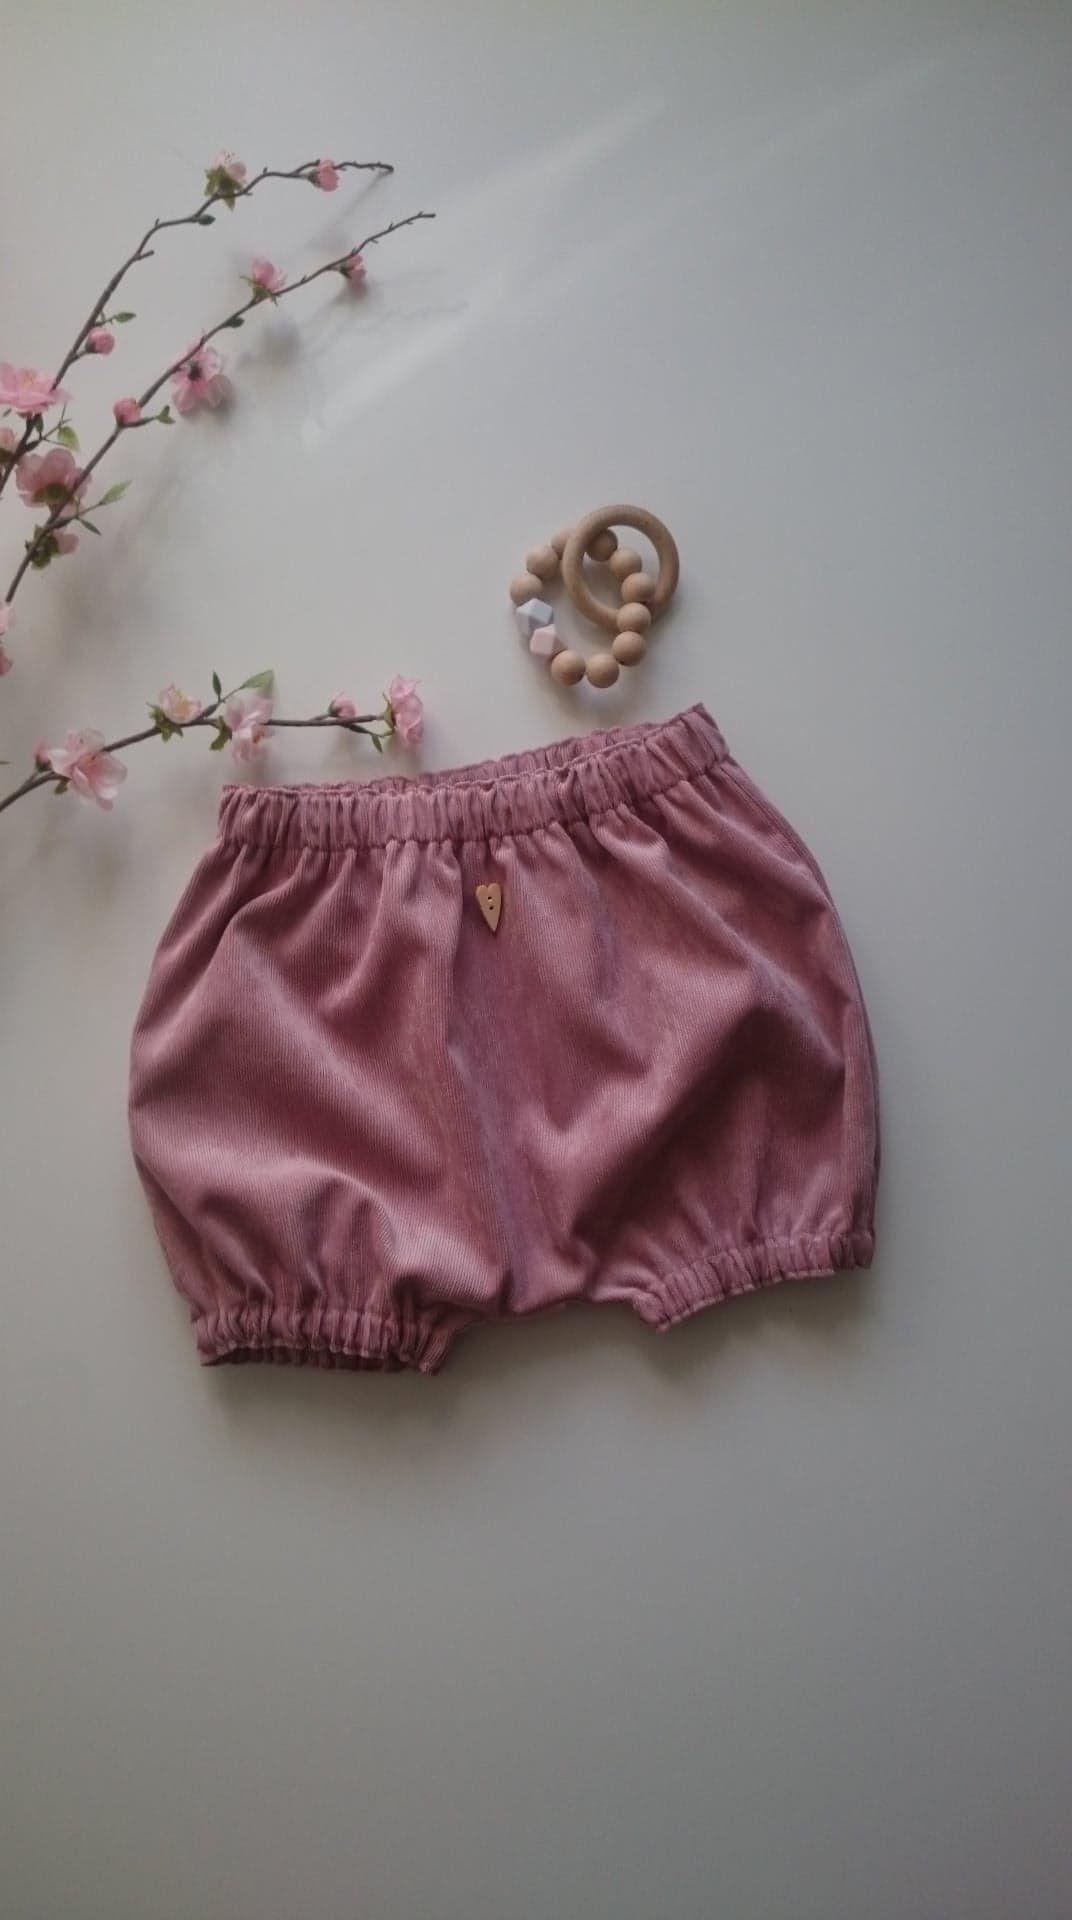 Bloomers Cord Shorts Baby Kind Old Pink Game Pants Short Pants Girl Pants Cordhose Corlihose Shorts Pumphose Cordpumphosis Bloomers Fashion Boho Shorts
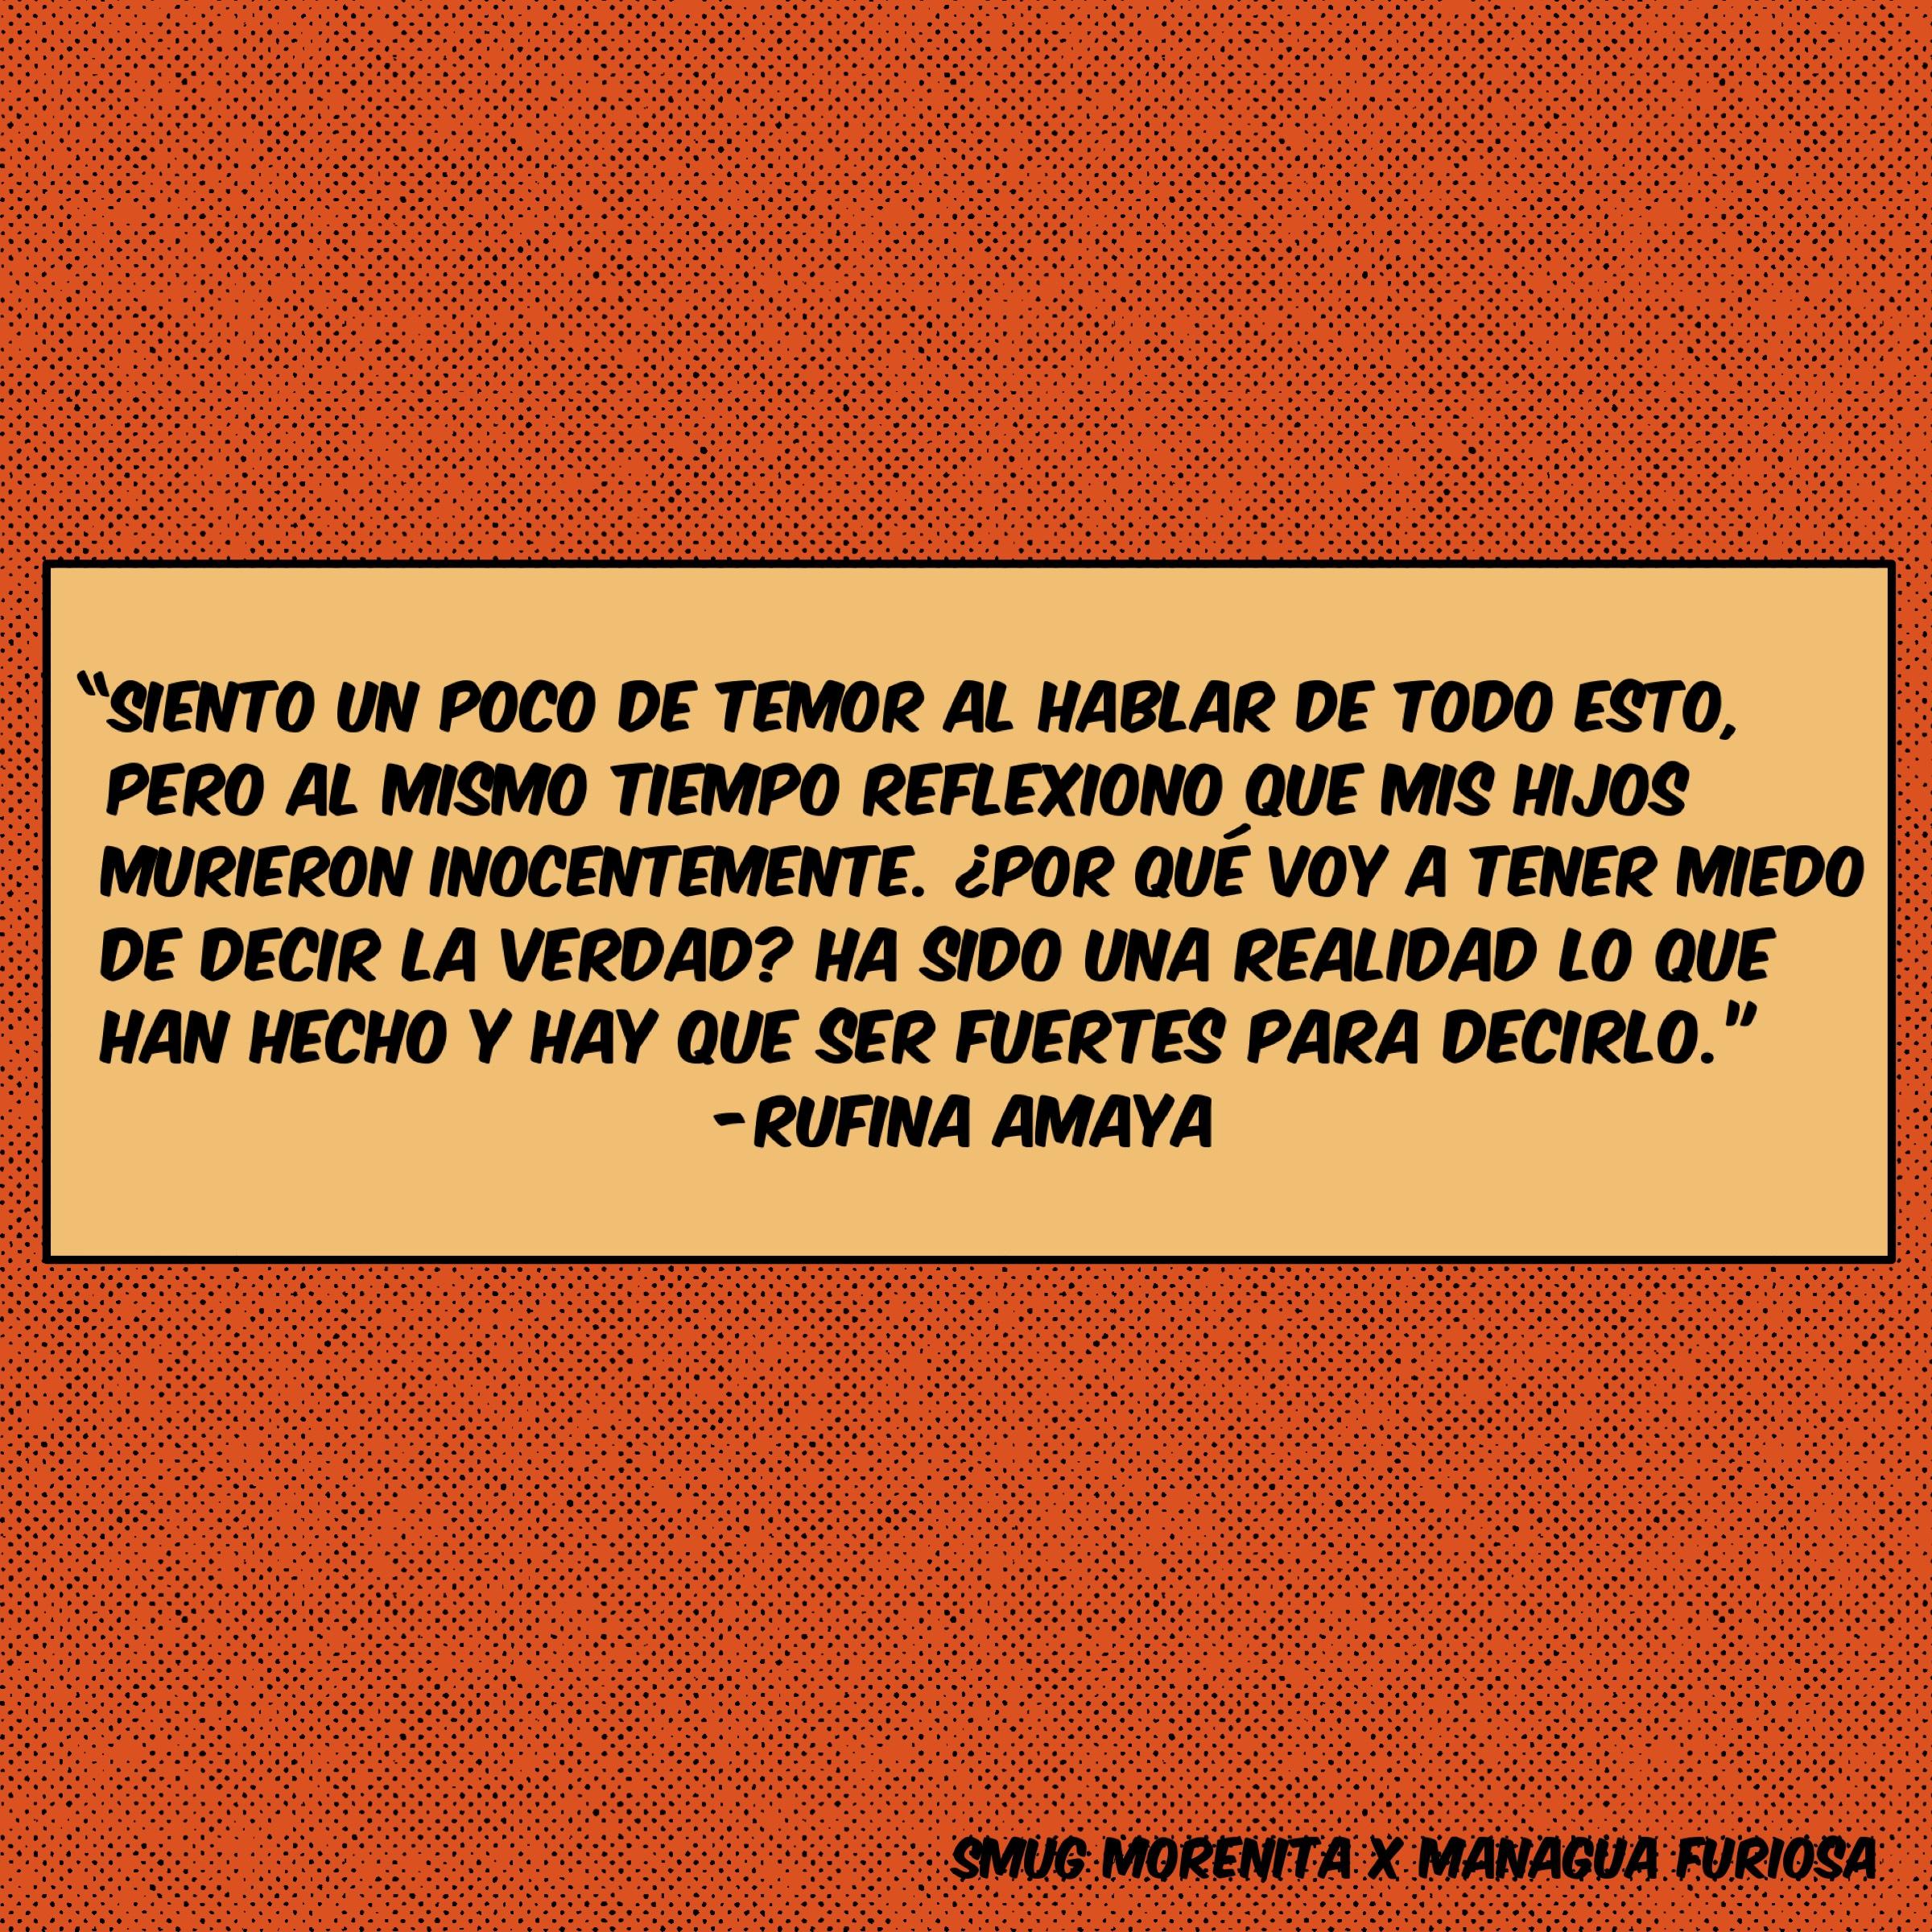 Rufina Amaya Quote - Web Image .jpg
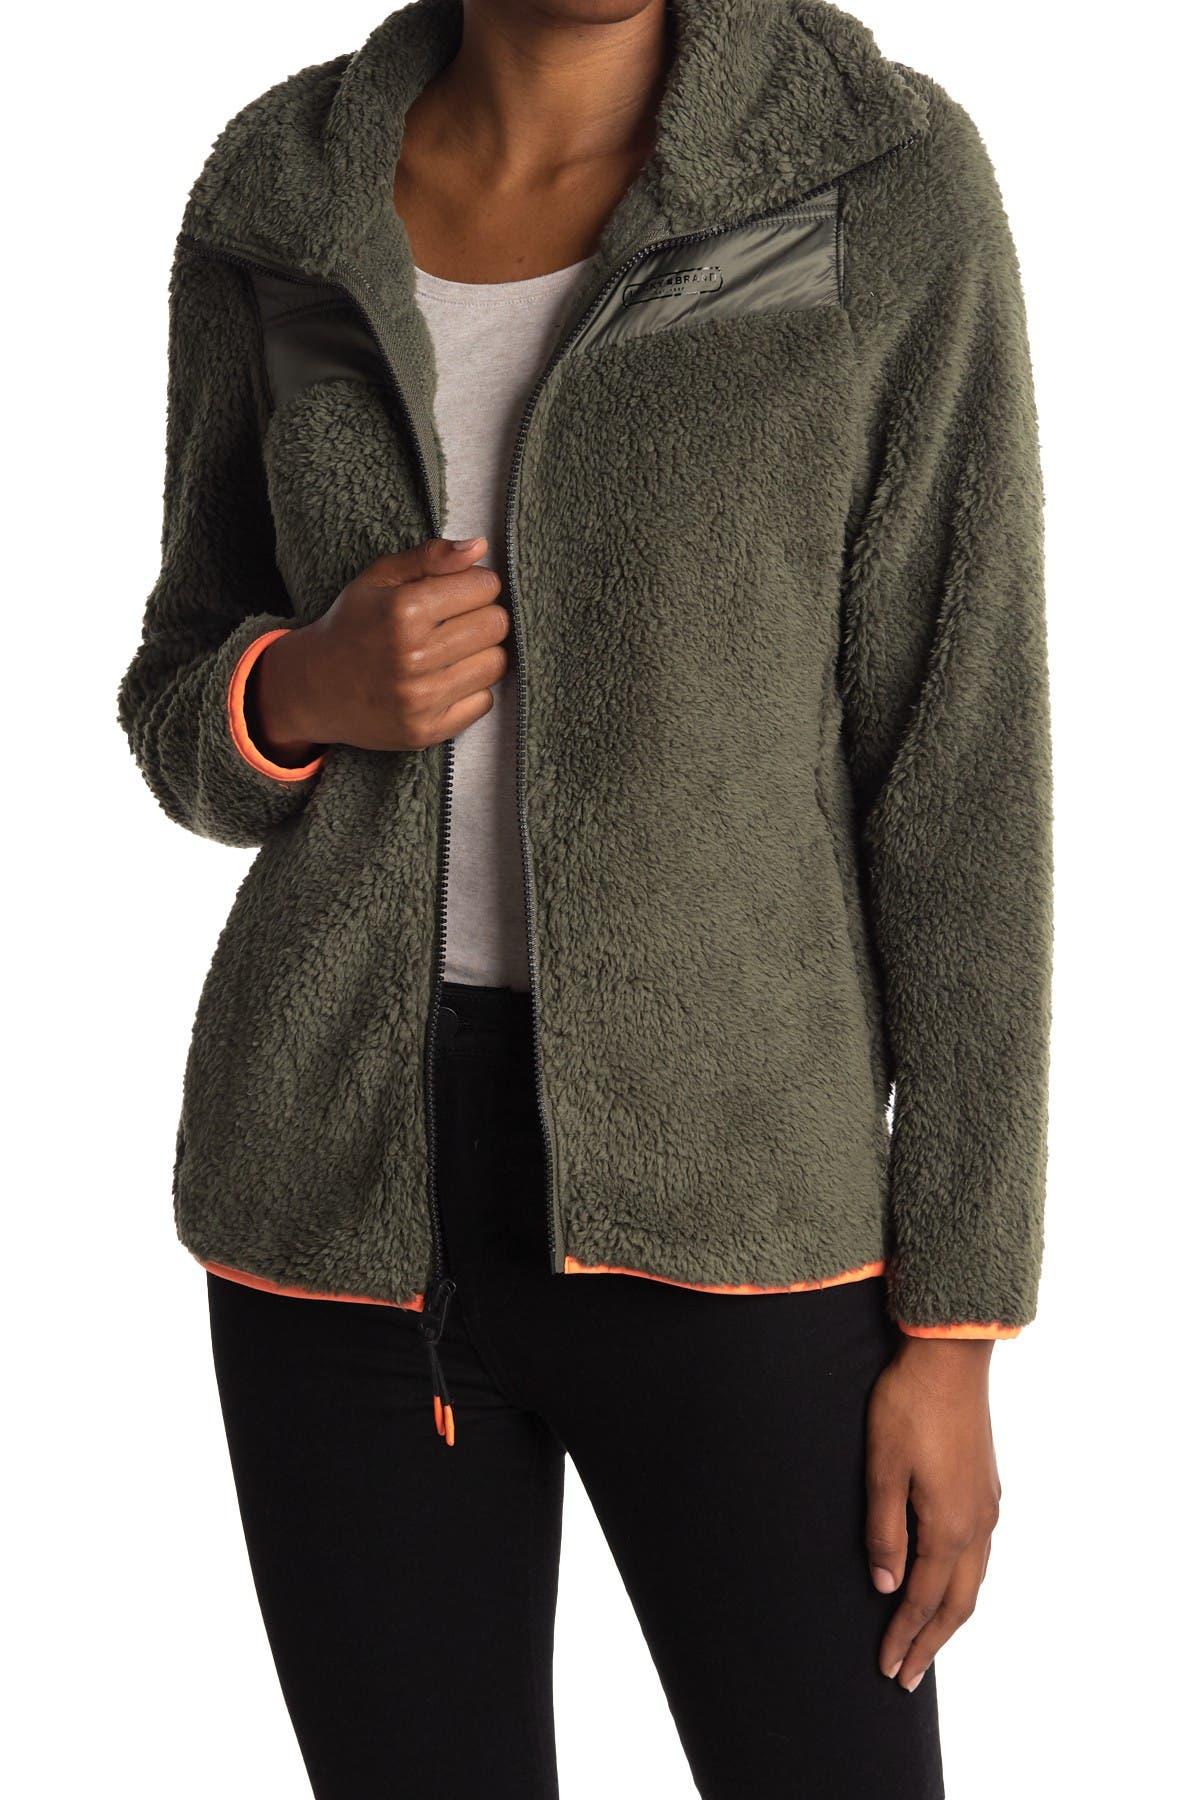 Image of Lucky Brand Faux Shearling Fleece Zip Jacket
= = = = = = =
### WHAT IS BEING ASKED
Pictures aside, reproduce all of the material above without alteration.

### SOLUTION TO THE EXERCISE
 Bloomers Cord Shorts Baby Kind Old Pink Game Pants Short Pants Girl Pants Cordhose Corlihose Shorts Pumphose Cordpumphosis Bloomers Fashion Boho Shorts
 Rufina Amaya Quote - Web Image .jpg
 Image of Lucky Brand Faux Shearling Fleece Zip Jacket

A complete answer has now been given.